Pelosi ingressou na Câmara dos Representantes pela primeira vez em 1987, aos 47 anos, em uma eleição especial para preencher uma vaga deixada quando seu antecessor, Sala Burton, morreu no cargo. Ela se tornou a primeira mulher presidente da Câmara em 2007 e lideraria a aprovação do Affordable Care Act, as reformas financeiras após a Grande Recessão e a revogação da política militar “Não pergunte, não conte” contra membros do serviço abertamente LGBTQ.
Pelosi foi forçada a abrir mão do martelo em 2011, depois que uma onda republicana do Tea Party virou a Câmara para o Partido Republicano. Mas ela recuperou-a em 2019, quando os democratas retomaram a maioria nas eleições intercalares durante o primeiro mandato de Trump. Sob a sua liderança, a Câmara iria acusar Trump duas vezes, em 2019 e 2021, embora em ambas as vezes o Senado o tenha absolvido.
Em 2022, Pelosi desistiu de seu cargo de liderança depois que seu marido, Paul, foi brutalmente atacado dentro da casa do casal em São Francisco. Os republicanos recuperaram então a maioria nas eleições intercalares, com muitos a fazerem campanha com uma agenda “Fire Pelosi”.
Pelosi continuaria influente dentro do Partido Democrata, desempenhando um papel fundamental nos bastidores para fazer com que o presidente Joe Biden desistisse de sua tentativa de reeleição, levando à rápida nomeação da vice-presidente Kamala Harris como a candidata democrata que perdeu para Trump há um ano.
James disse que o anúncio de Pelosi ocorre no momento em que o Partido Democrata faz a transição para eleger uma geração mais jovem de líderes. Esses líderes, disse ele, considerarão Pelosi um exemplo brilhante de “devoção obstinada ao país e ao Partido Democrata e ao sucesso das políticas democráticas”.
No entanto, depois de Trump ter regressado ao cargo no ano passado, alguns activistas democratas interrogaram-se em voz alta se os líderes dos seus partidos seriam demasiado velhos. A idade de Biden – 81 anos – esteve no centro da campanha de pressão dos dirigentes do partido para persuadi-lo a desistir da corrida à presidência no verão passado.
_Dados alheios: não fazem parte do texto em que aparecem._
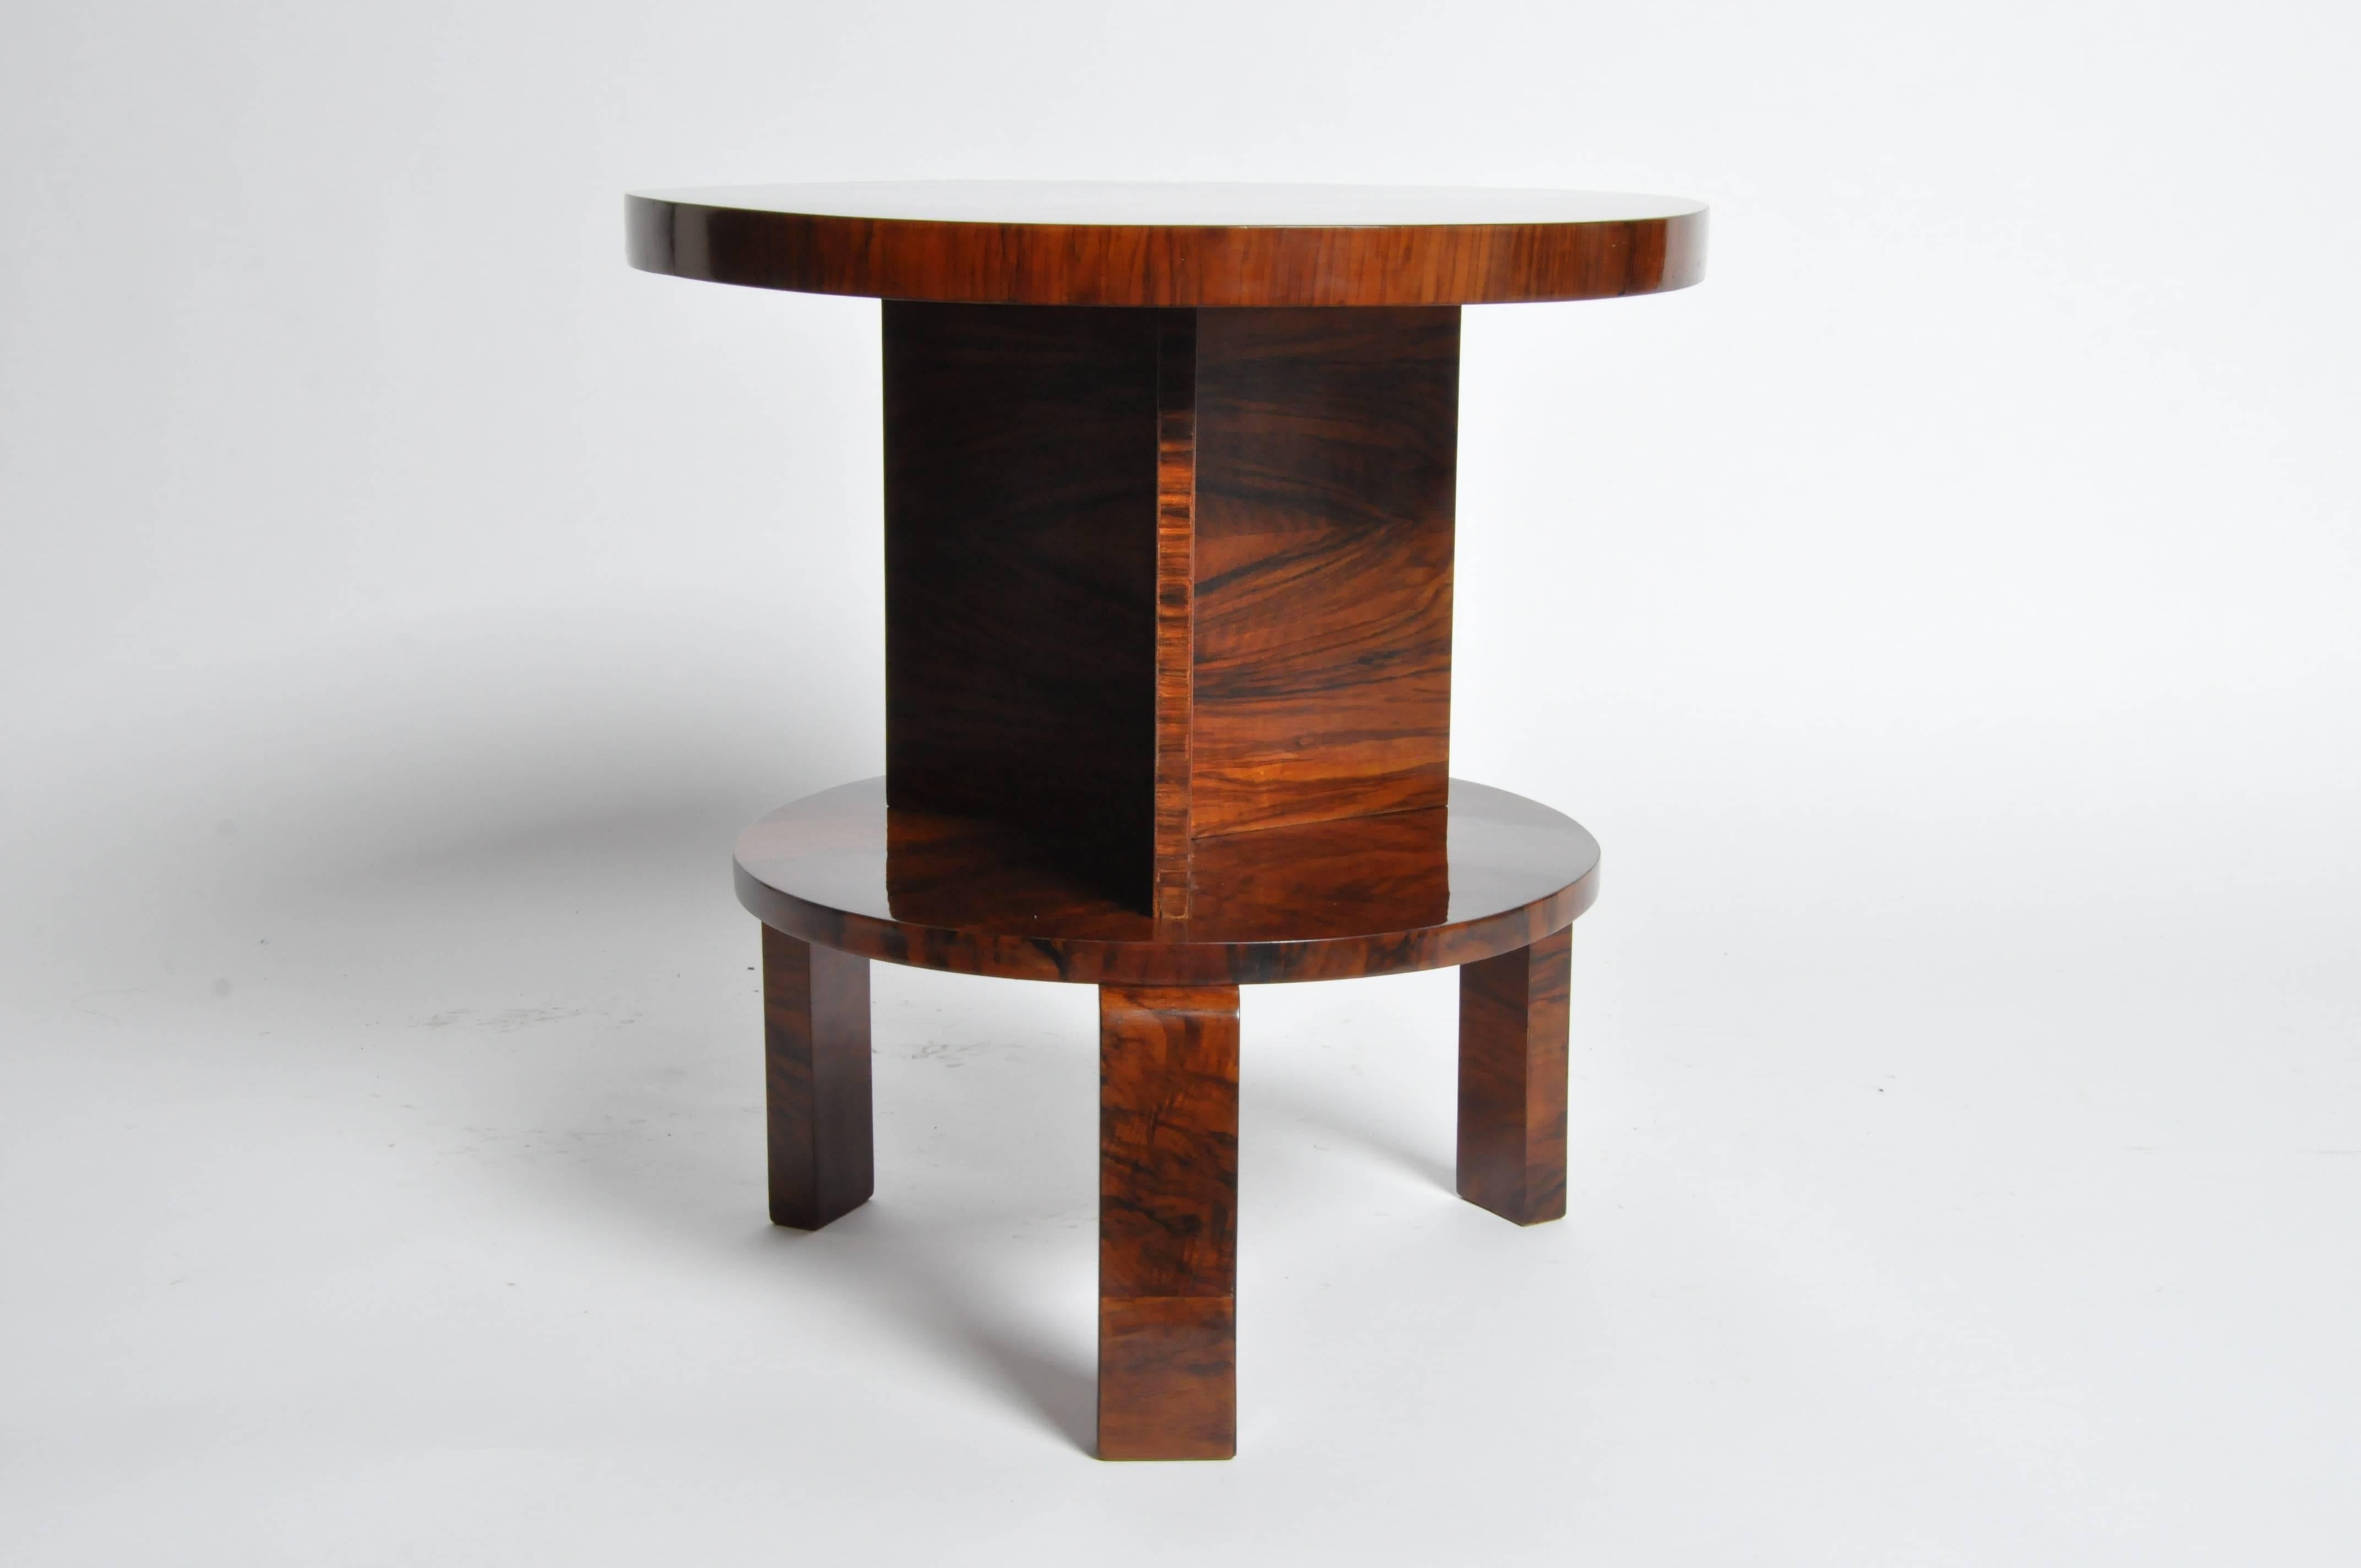 Walnut Art Deco Round Table with Shelf

O deputado do Vale do Silício, Ro Khanna, um democrata progressista na casa dos quarenta anos, apelou a “uma nova geração de liderança para o partido e uma visão nova e transformadora”.
Questionado sobre comentários na quinta-feira, Khanna disse em comunicado que Pelosi demonstrou fé nele “como um jovem que dirigiu as primárias anti-Guerra do Iraque, quando poucos outros em nosso partido o fizeram”.
“Sempre serei grato por isso e por seu compromisso em lutar pelas famílias trabalhadoras”, disse Khanna.
Essas dinâmicas no partido – entre jovens e velhos, dentro e fora – estarão em jogo na corrida para substituir Pelosi que já está à frente. Wiener, o senador estadual, anunciou sua candidatura no mês passado, embora Pelosi ainda não tivesse desistido, e ela insistiu que poderia ser reeleita se quisesse.
Chakrabarti, um ex-chefe de gabinete progressista da deputada Alexandria Ocasio-Cortez, já havia entrado na disputa e mirado diretamente no ex-presidente da Câmara.
“Quarenta anos no Congresso são suficientes”, dizia seu site. “Novos líderes para um novo mundo.”